AVAILABLE DATA -
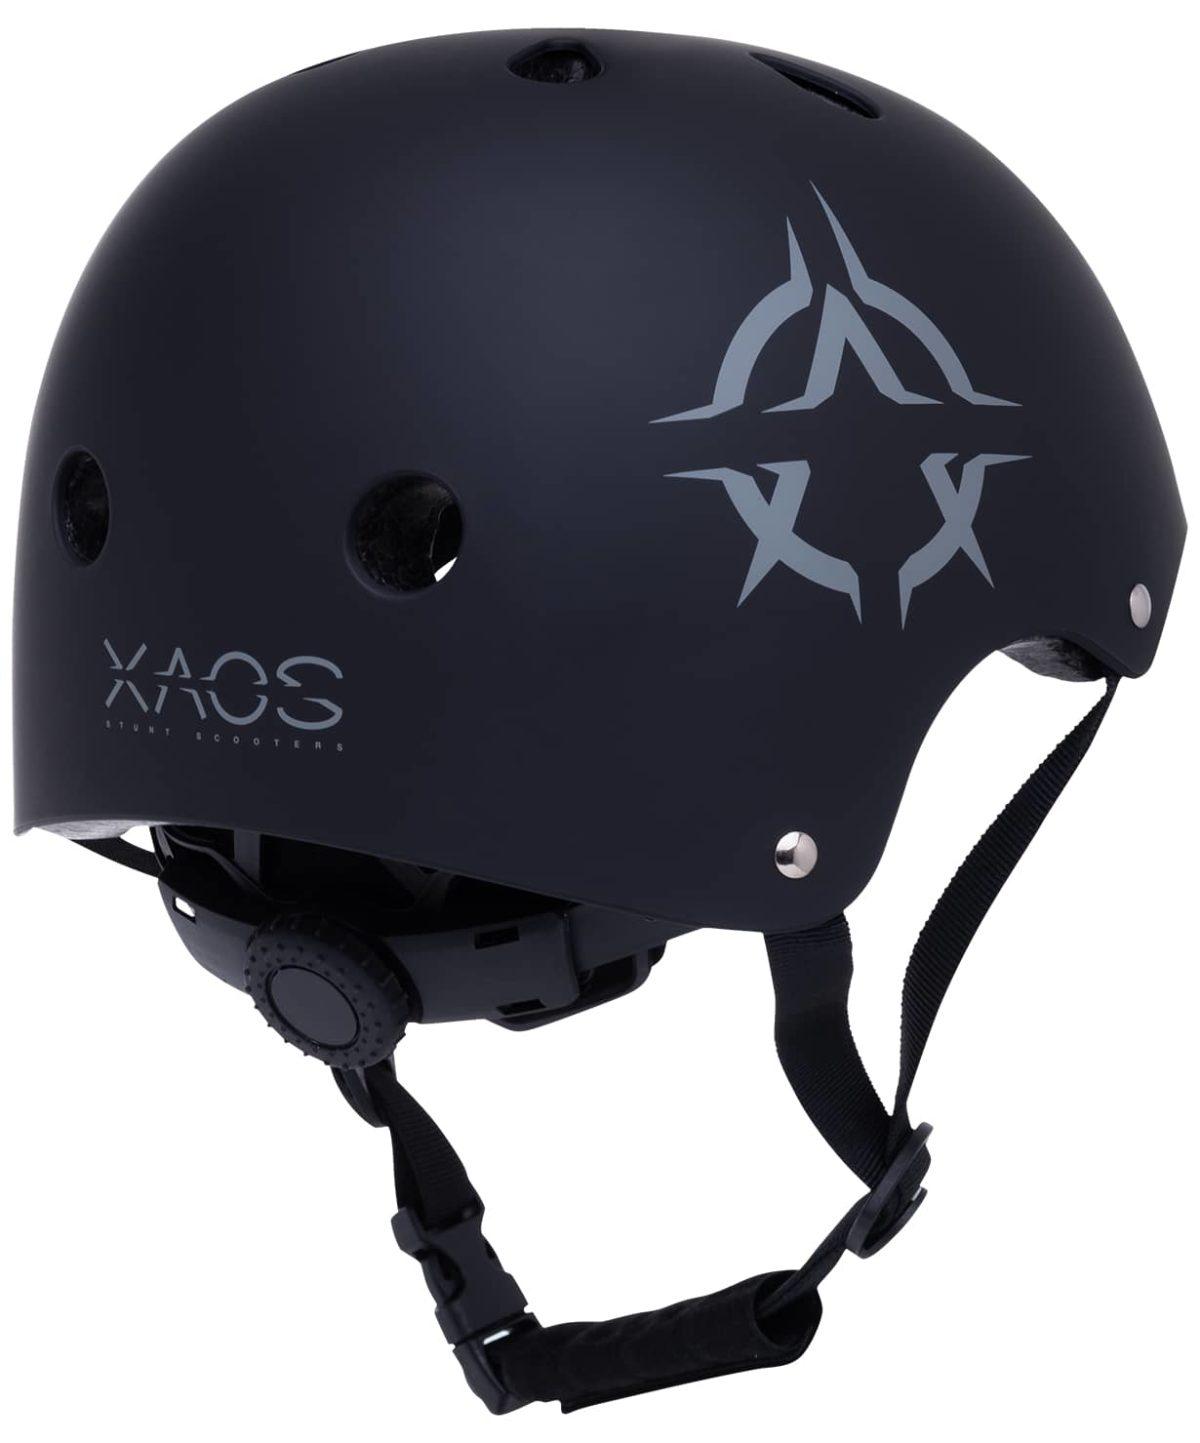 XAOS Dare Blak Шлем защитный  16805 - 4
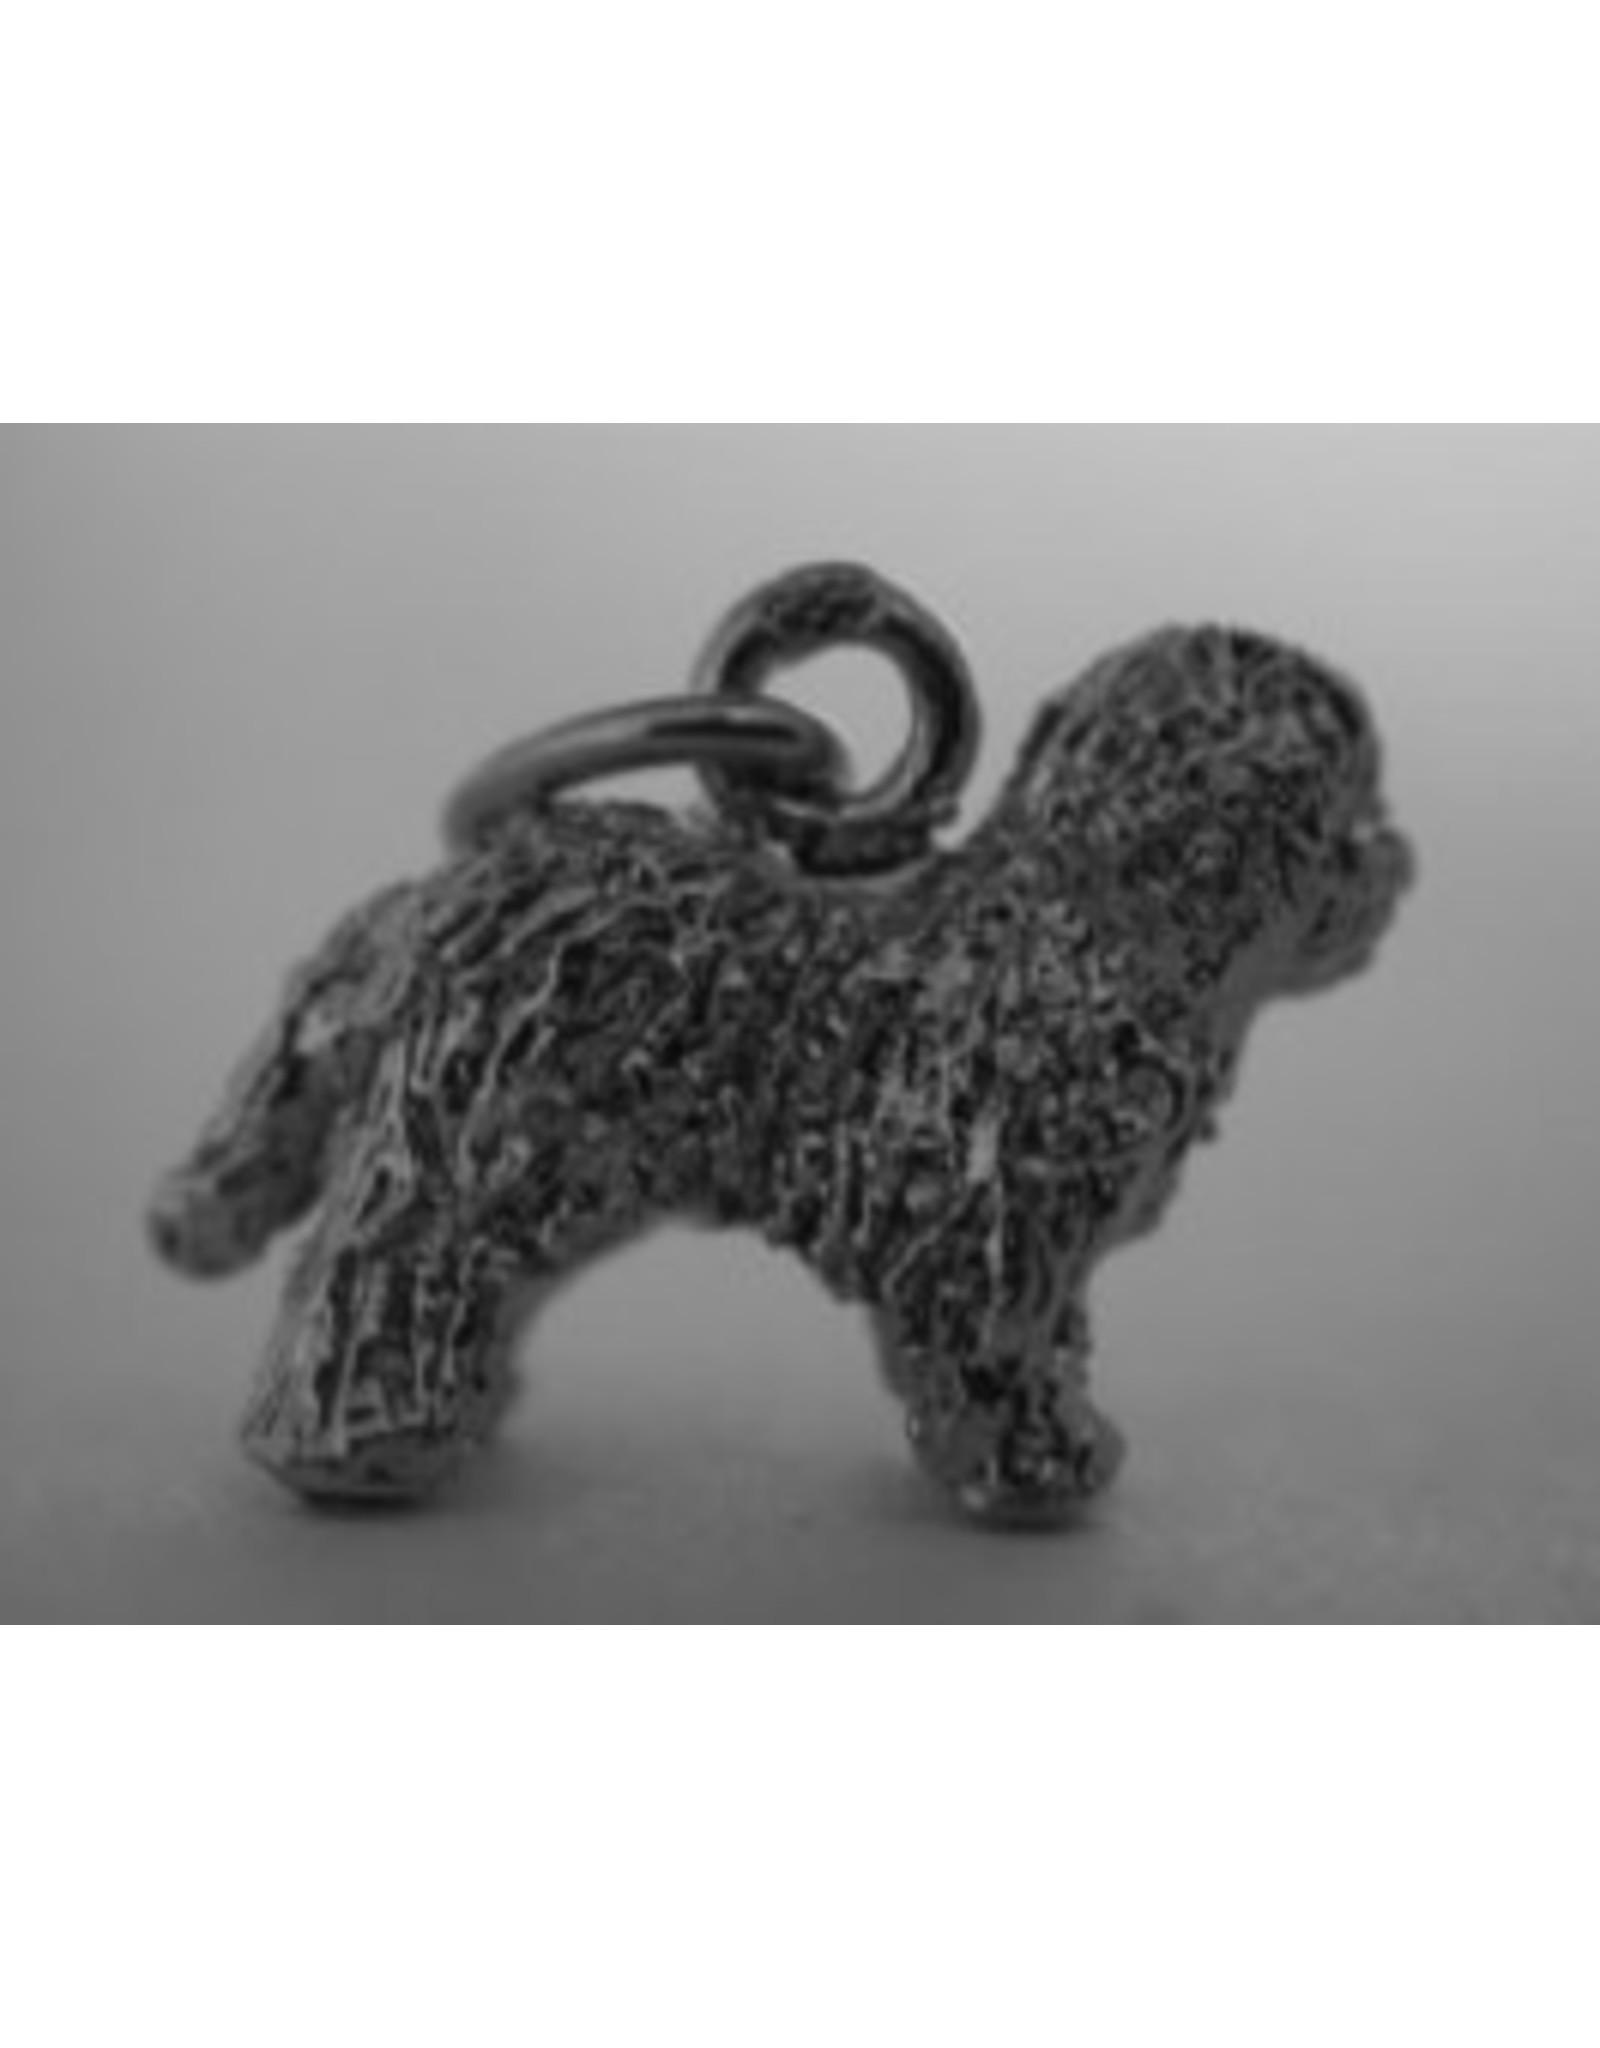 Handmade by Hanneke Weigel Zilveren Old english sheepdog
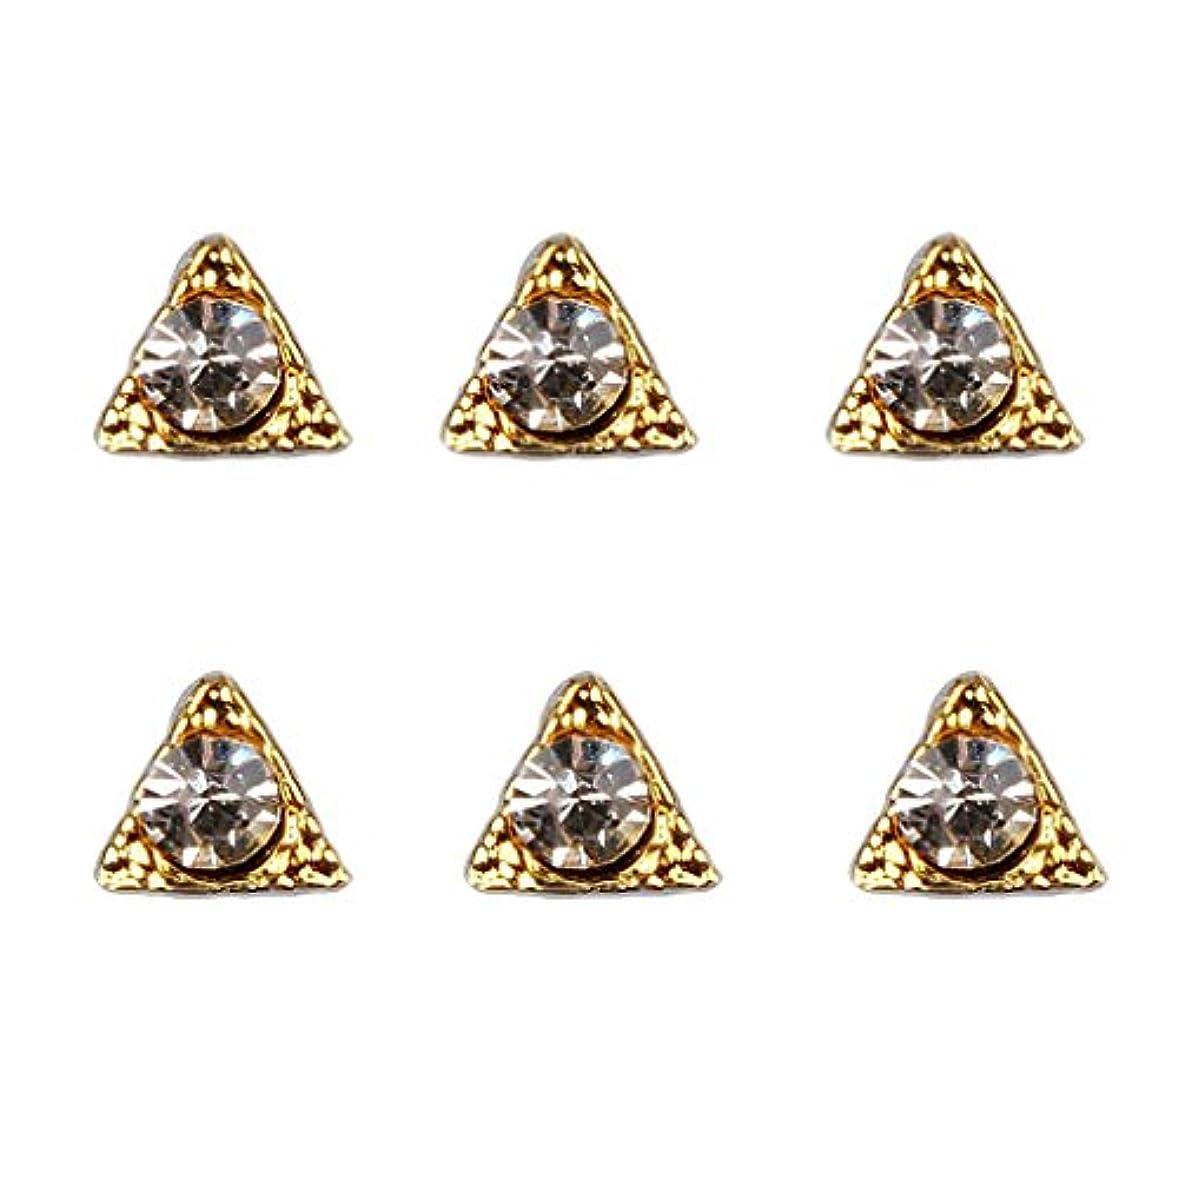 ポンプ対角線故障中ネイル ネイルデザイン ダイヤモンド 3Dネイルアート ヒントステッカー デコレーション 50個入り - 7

PROBLEM -
Each line of the data above must be reproduced as written. Skip the pictures.

RESULT -
 XAOS Dare Blak Шлем защитный  16805 - 4
 Handmade by Hanneke Weigel Zilveren Old english sheepdog
 ポンプ対角線故障中ネイル ネイルデザイン ダイヤモンド 3Dネイルアート ヒントステッカー デコレーション 50個入り - 7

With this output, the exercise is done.